Let’s solve each part one by one using elimination — the method where we add or subtract equations to cancel out one variable.
---
1a)
Equations:
① $4a + 3b = 44$
② $3a + 3b = 39$
Subtract equation ② from ①:
$(4a - 3a) + (3b - 3b) = 44 - 39$
→ $a = 5$
Now plug $a = 5$ into equation ②:
$3(5) + 3b = 39$
→ $15 + 3b = 39$
→ $3b = 24$
→ $b = 8$
✔ Check in ①: $4(5) + 3(8) = 20 + 24 = 44$ ✔️
Answer for 1a: $a = 5$, $b = 8$
---
1b)
Equations:
① $2a + b = 23$
② $a + b = 16$
Subtract ② from ①:
$(2a - a) + (b - b) = 23 - 16$
→ $a = 7$
Plug into ②:
$7 + b = 16$ → $b = 9$
✔ Check in ①: $2(7) + 9 = 14 + 9 = 23$ ✔️
Answer for 1b: $a = 7$, $b = 9$
---
1c)
Equations:
① $5a + 2b = 27$
② $5a + 4b = 49$
Subtract ① from ②:
$(5a - 5a) + (4b - 2b) = 49 - 27$
→ $2b = 22$ → $b = 11$
Plug into ①:
$5a + 2(11) = 27$ → $5a + 22 = 27$ → $5a = 5$ → $a = 1$
✔ Check in ②: $5(1) + 4(11) = 5 + 44 = 49$ ✔️
Answer for 1c: $a = 1$, $b = 11$
---
1d)
Equations:
① $3a + 2b = 16$
② $4a + 6b = 28$
Let’s eliminate $b$. Multiply ① by 3:
→ $9a + 6b = 48$ (call this ③)
Now subtract ② from ③:
$(9a - 4a) + (6b - 6b) = 48 - 28$
→ $5a = 20$ → $a = 4$
Plug into ①:
$3(4) + 2b = 16$ → $12 + 2b = 16$ → $2b = 4$ → $b = 2$
✔ Check in ②: $4(4) + 6(2) = 16 + 12 = 28$ ✔️
Answer for 1d: $a = 4$, $b = 2$
---
1e)
Equations:
① $2a + b = 14$
② $4a + 6b = 36$
Eliminate $a$: Multiply ① by 2 → $4a + 2b = 28$ (call this ③)
Subtract ③ from ②:
$(4a - 4a) + (6b - 2b) = 36 - 28$
→ $4b = 8$ → $b = 2$
Plug into ①:
$2a + 2 = 14$ → $2a = 12$ → $a = 6$
✔ Check in ②: $4(6) + 6(2) = 24 + 12 = 36$ ✔️
Answer for 1e: $a = 6$, $b = 2$
---
1f)
Equations:
① $6a + 5b = 39$
② $2a + 3b = 17$
Let’s eliminate $a$. Multiply ② by 3:
→ $6a + 9b = 51$ (call this ③)
Subtract ① from ③:
$(6a - 6a) + (9b - 5b) = 51 - 39$
→ $4b = 12$ → $b = 3$
Plug into ②:
$2a + 3(3) = 17$ → $2a + 9 = 17$ → $2a = 8$ → $a = 4$
✔ Check in ①: $6(4) + 5(3) = 24 + 15 = 39$ ✔️
Answer for 1f: $a = 4$, $b = 3$
---
2. Why can’t we solve:
$$
\begin{cases}
x + y = 9 \\
2x + 2y = 18
\end{cases}
$$
Let’s try elimination: Multiply first equation by 2:
→ $2x + 2y = 18$
Now compare with second equation: it’s exactly the same!

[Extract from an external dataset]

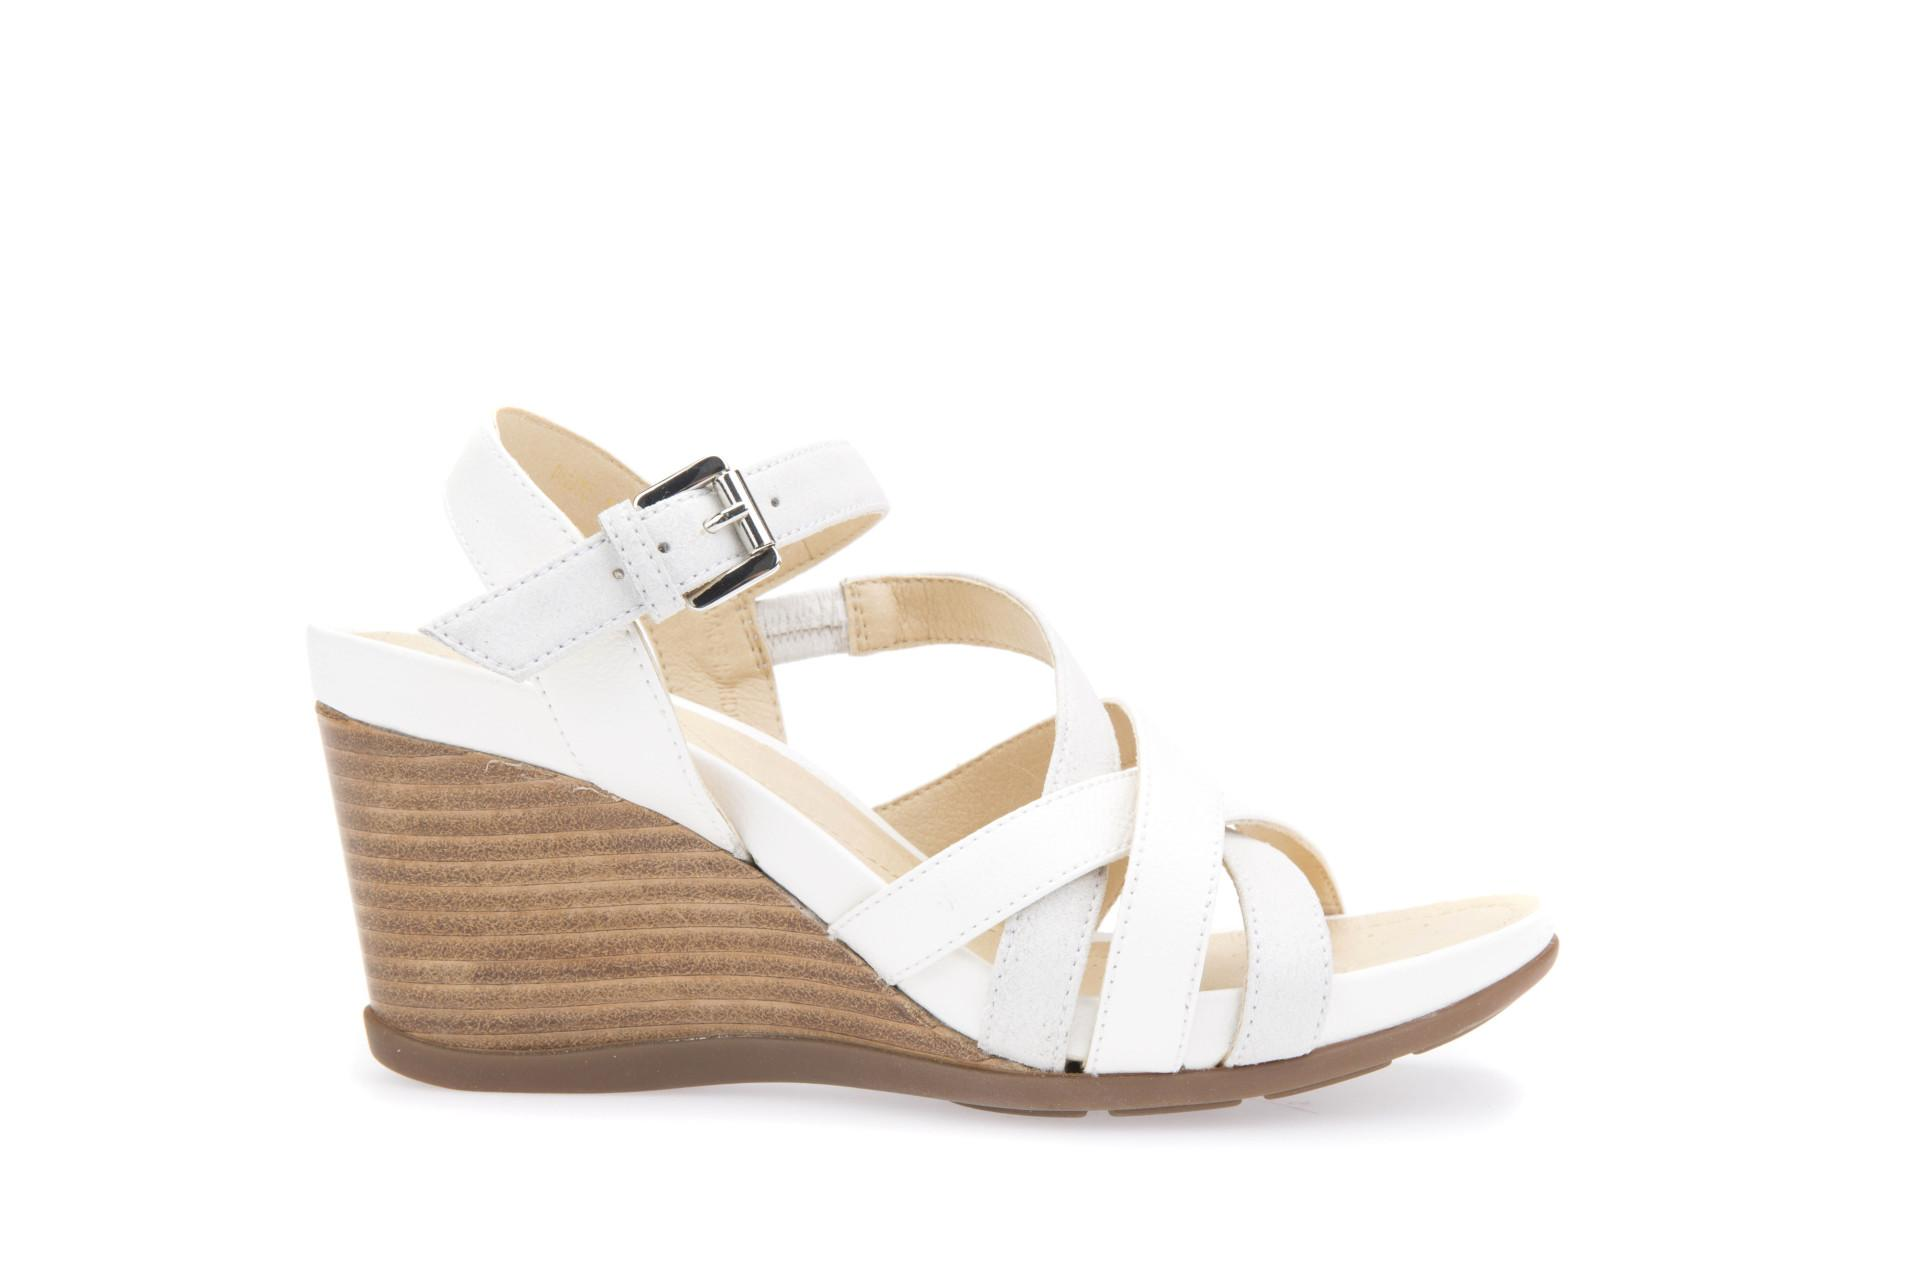 7b3ad830230 GEOX WOMEN SHOES DRESS SANDAL D DOROTHA C WHITE/PLATINUM

So both equations represent the same line — infinitely many solutions (any point on that line works), not a unique solution.
In other words: the two equations are dependent — one is just a multiple of the other. So we can’t find *one* answer for $x$ and $y$; there are infinitely many pairs $(x, y)$ that satisfy both (e.g., $x=0, y=9$; $x=5, y=4$; etc.).
That’s why it’s “not possible” to solve for a single unique solution.
Final Answer:
1a) $a = 5,\ b = 8$
1b) $a = 7,\ b = 9$
1c) $a = 1,\ b = 11$
1d) $a = 4,\ b = 2$
1e) $a = 6,\ b = 2$
1f) $a = 4,\ b = 3$
2) The two equations are multiples of each other (dependent), so they represent the same line — infinitely many solutions, not a unique one.
Parent Tip: Review the logic above to help your child master the concept of simultaneous equations worksheet.